# RAW DATA

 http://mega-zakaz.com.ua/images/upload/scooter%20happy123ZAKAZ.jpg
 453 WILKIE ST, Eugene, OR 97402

==

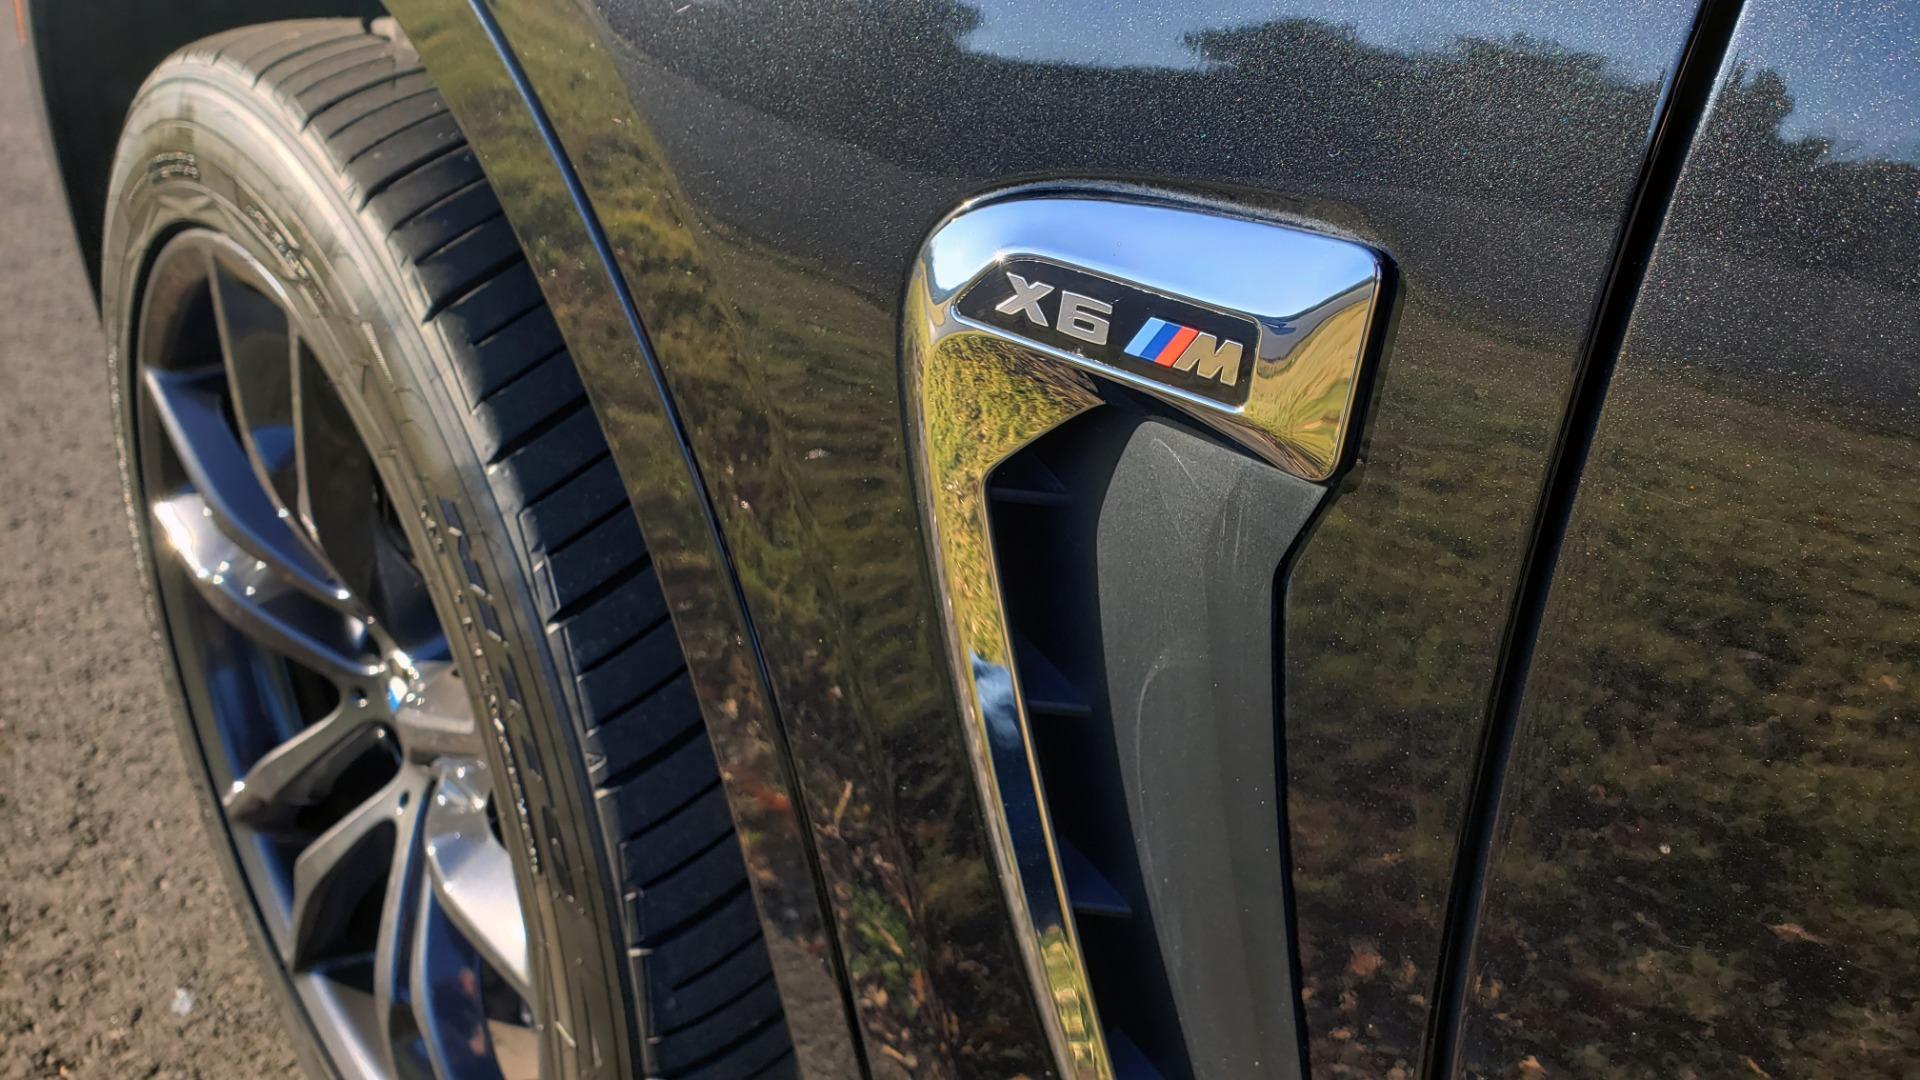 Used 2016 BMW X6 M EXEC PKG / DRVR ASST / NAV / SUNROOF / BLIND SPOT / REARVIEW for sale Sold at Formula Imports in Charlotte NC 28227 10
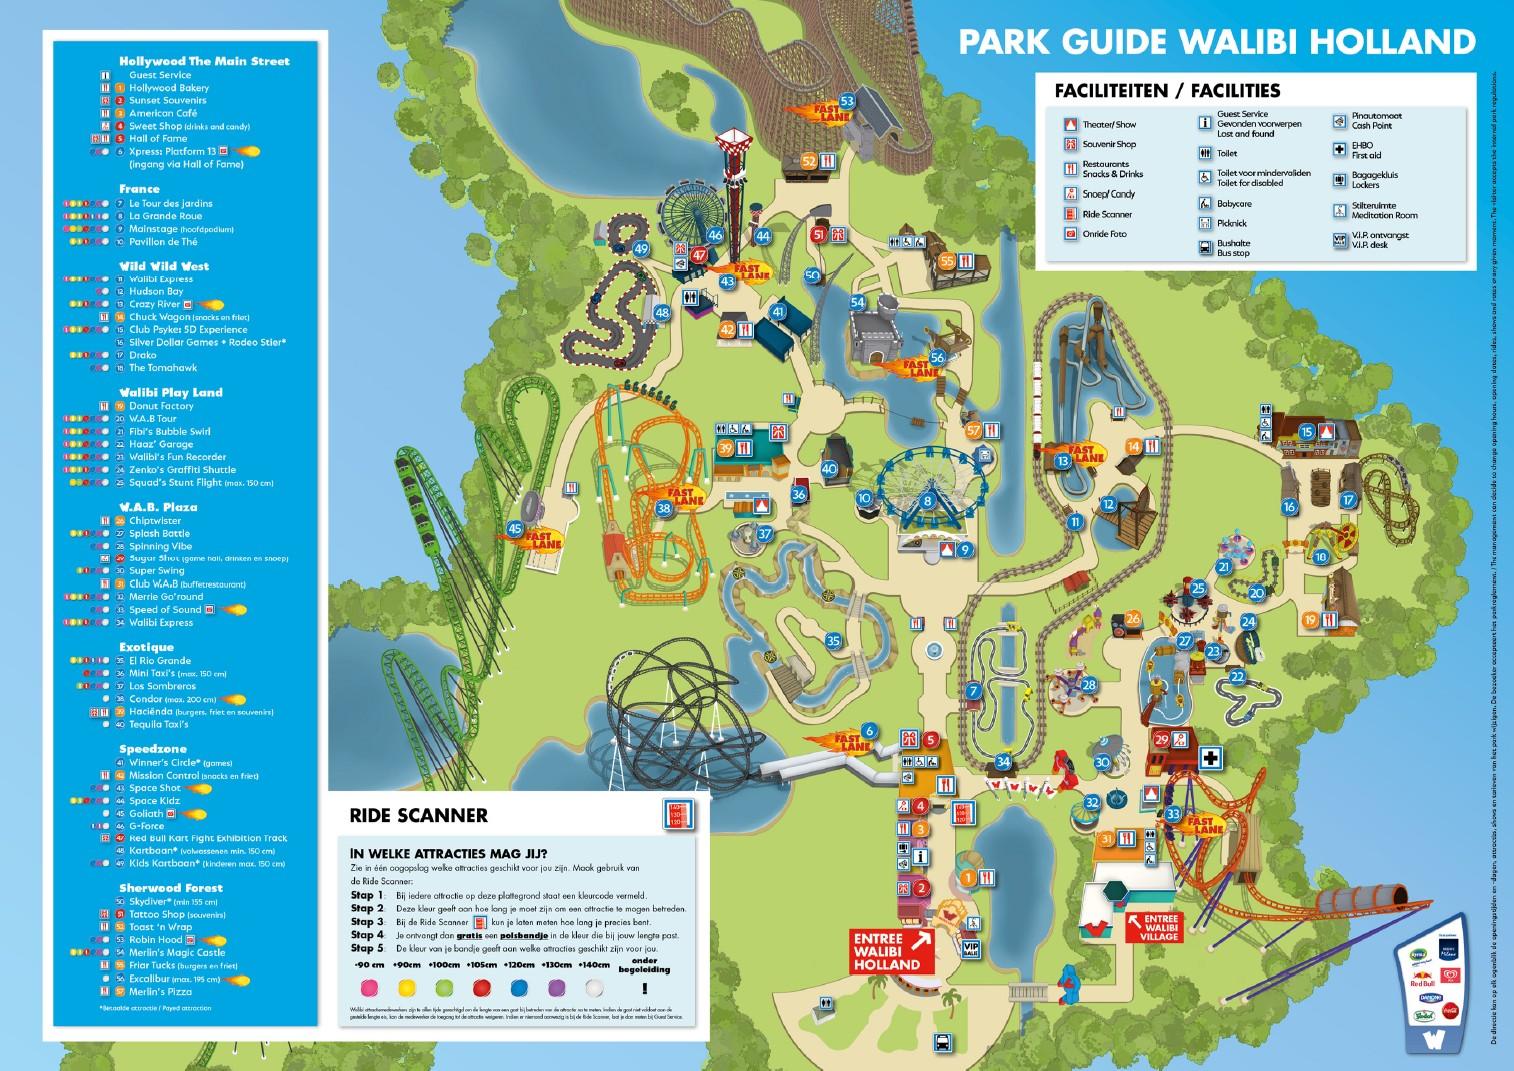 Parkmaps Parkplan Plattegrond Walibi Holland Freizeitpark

* * *

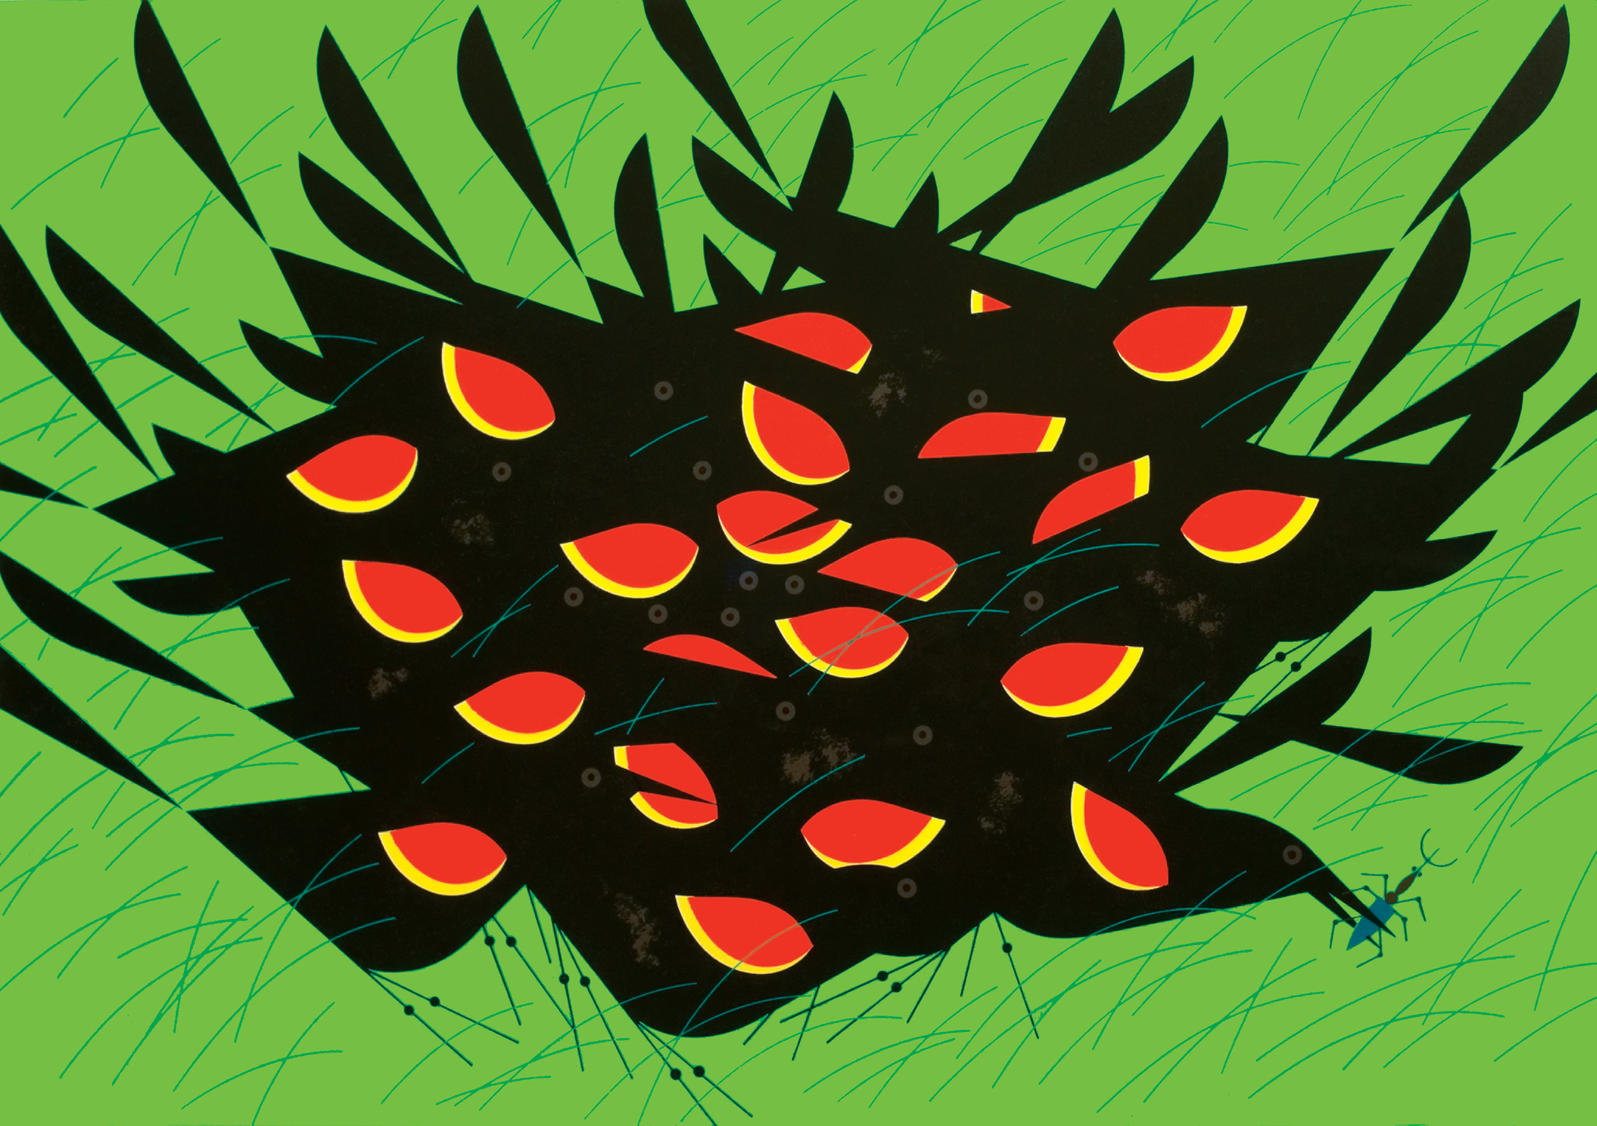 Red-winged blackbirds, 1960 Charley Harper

# TASK OBJECTIVE
Copy back exactly the lines above from the one containing "Used 2016 BMW" through the one containing "Parkmaps Parkplan Plattegrond", and leave every picture behind.

# RESPONSE TO THIS TASK
 Used 2016 BMW X6 M EXEC PKG / DRVR ASST / NAV / SUNROOF / BLIND SPOT / REARVIEW for sale Sold at Formula Imports in Charlotte NC 28227 10
 Parkmaps Parkplan Plattegrond Walibi Holland Freizeitpark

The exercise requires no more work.